Он с трудом встал на ноги. Рассел поддерживал его под мышки.
— Где он?.. А-а, вот где… Пусти. Я сам. Полный порядок. Ты не болтай. Потом поговорим… Ты лучше помоги мне. Надо моего кореша закинуть в твой вонючий грузовик… Я о нем обязан заботиться… Понял?.. Тербер — он того стоит. Лучший солдат во всей этой вшивой роте… — Он задумчиво помолчал. — Лучший и единственный настоящий, — поправился он.
Рассел отпустил Пруита и брезгливо смотрел, как он, шатаясь, доплелся до спящего Тербера, нагнулся, чтобы поднять его, и тут же сам на него повалился.
— Тю-ю! — протянул Пруит. — А я пьяный.
— Не может быть, — скривился Рассел.
Он помог ему снова подняться. Вдвоем они кое-как, волоком подтащили тяжелое, обмякшее тело к заднему борту грузовика. Тербер почему-то выскальзывал у них из рук, как угорь, и они дважды его роняли; он падал как мешок. Они долго кряхтели и подталкивали его, пока наконец не запихнули в грузовик. Едва оказавшись в кузове, Тербер открыл глаза и хитро ухмыльнулся.

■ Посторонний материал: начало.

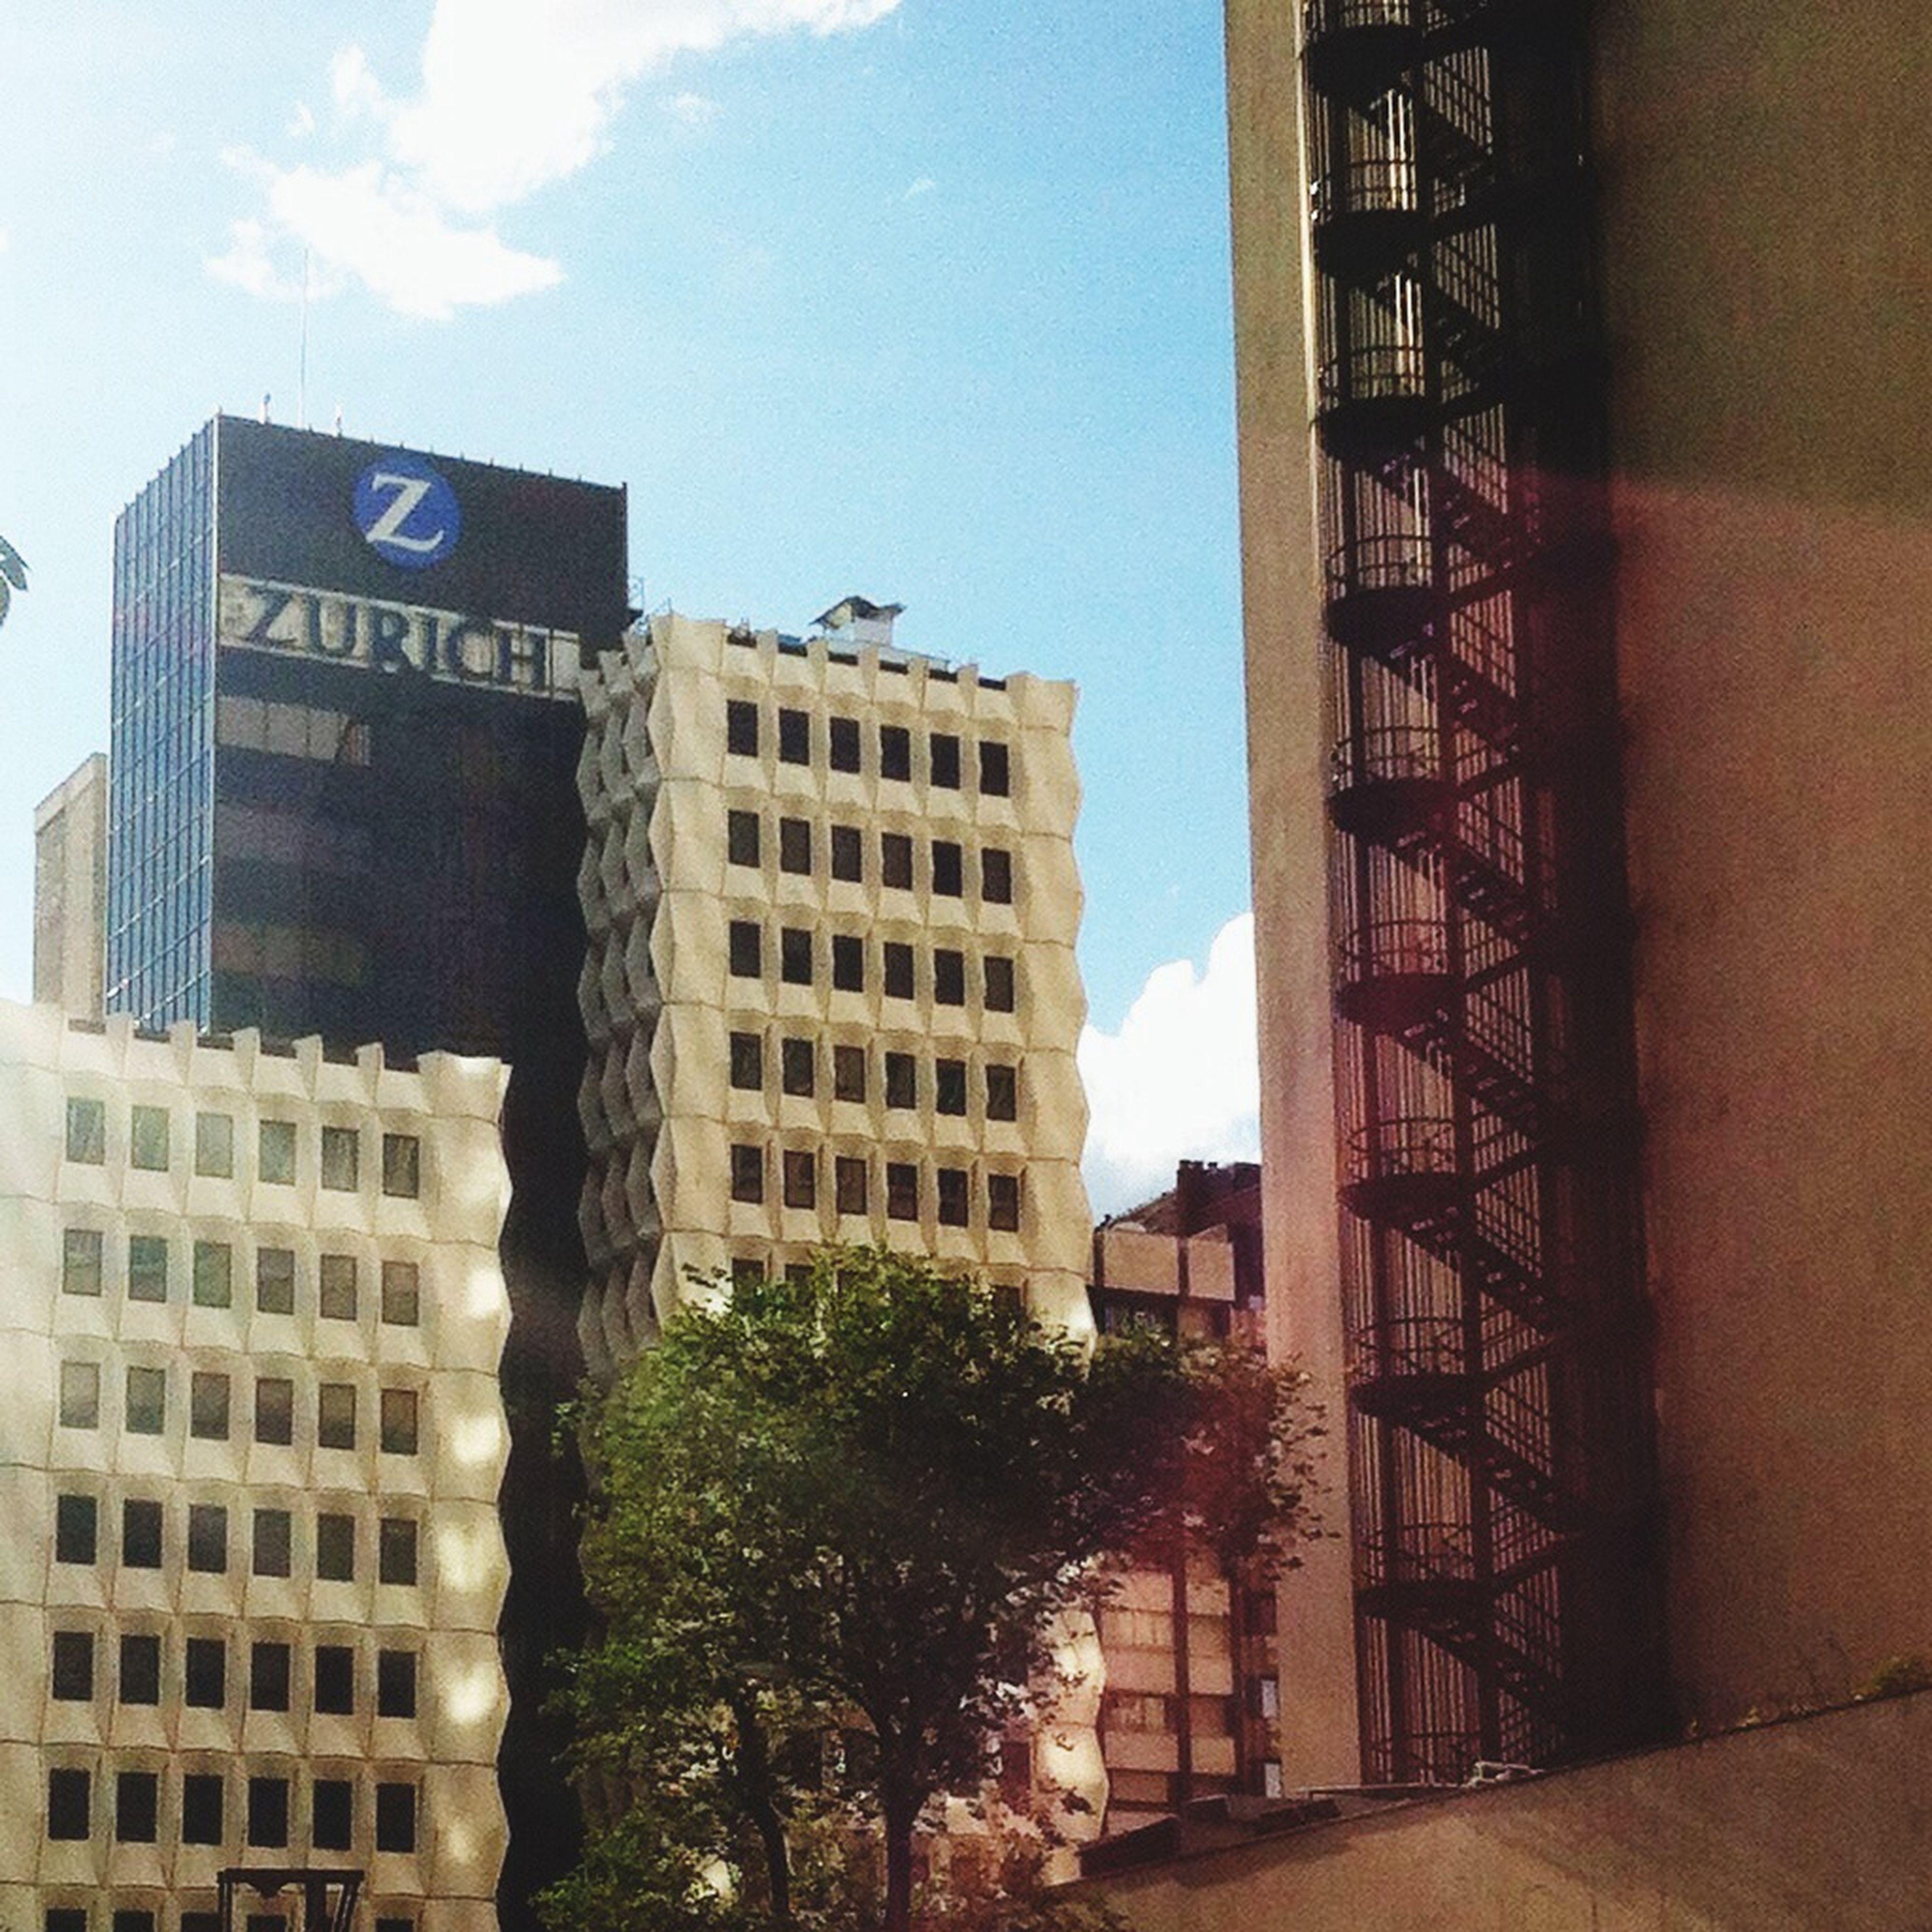 Cityscapes Spain♥ SPAIN Madrid Eyeemmadrid Madrid Spain Edificio Zurich Capitán Haya

— Это кто? Рассел? — невнятно спросил он.
— Он самый, — неприязненно откликнулся Рассел. — Рассел-нянька. Рассел — козел отпущения.
— Ты, Рассел, послушай меня… Моя к тебе просьба есть. Твоя моя помогай надо. Понимай?
— Понимай, — подозрительно сказал Рассел. — Чего тебе?
Тербер приподнялся и поглядел по сторонам. Пруит, развалившись на сиденье рядом с водительским, уже снова спал.
— Сейчас скажу, — прошептал Тербер. Шепот у него был не тише, чем шипение паровоза. — Моя хочет, чтобы твоя отвезла этот солдат домой, в лагерь.
— Ладно, — устало сказал Рассел. — Только перестань разговаривать, как китаец, и не изображай пьяного. Хватит, ты меня один раз уже купил: я думал, ты без сознания. Знал бы, не стал бы на собственном горбу тащить тебя в кузов. Никакой ты не пьяный. Вот Пруит — тот действительно хорош.
Тербер засмеялся:
— Значит, я все-таки тебя купил, да? — Он хихикнул. — Но это еще не все. Когда довезешь его, скажешь дежурному капралу, что старшина велел освободить его до утра от выхода на пост. Это, скажешь, за то, что он помогал старшине в индивидуальной рекогносцировке.
— Ты не можешь это сам решать, старшой. — Рассел был в недоумении.
— Не могу? Еще как могу. Так ты понял, что я тебе сказал?
— Понять-то понял, но…
— Никаких «но». Сделаешь, как я сказал. Я, по-твоему, старшина или кто?
— Конечно, ты старшина.
— Может, не знаешь, кому ты обязан своим РПК? Так что никаких «но». Делай, что тебе приказывают.
— Ладно, старшой. Только ты очень уж много с меня требуешь за какое-то паршивое РПК.
— Ты слушай, что я тебе говорю, — Тербер схватил его за плечи. — Ты пойми, — шепотом сказал он, — мы этого парня должны беречь. Он лучший солдат в роте. — Тербер задумчиво помолчал. — Лучший и единственный настоящий, — поправился он.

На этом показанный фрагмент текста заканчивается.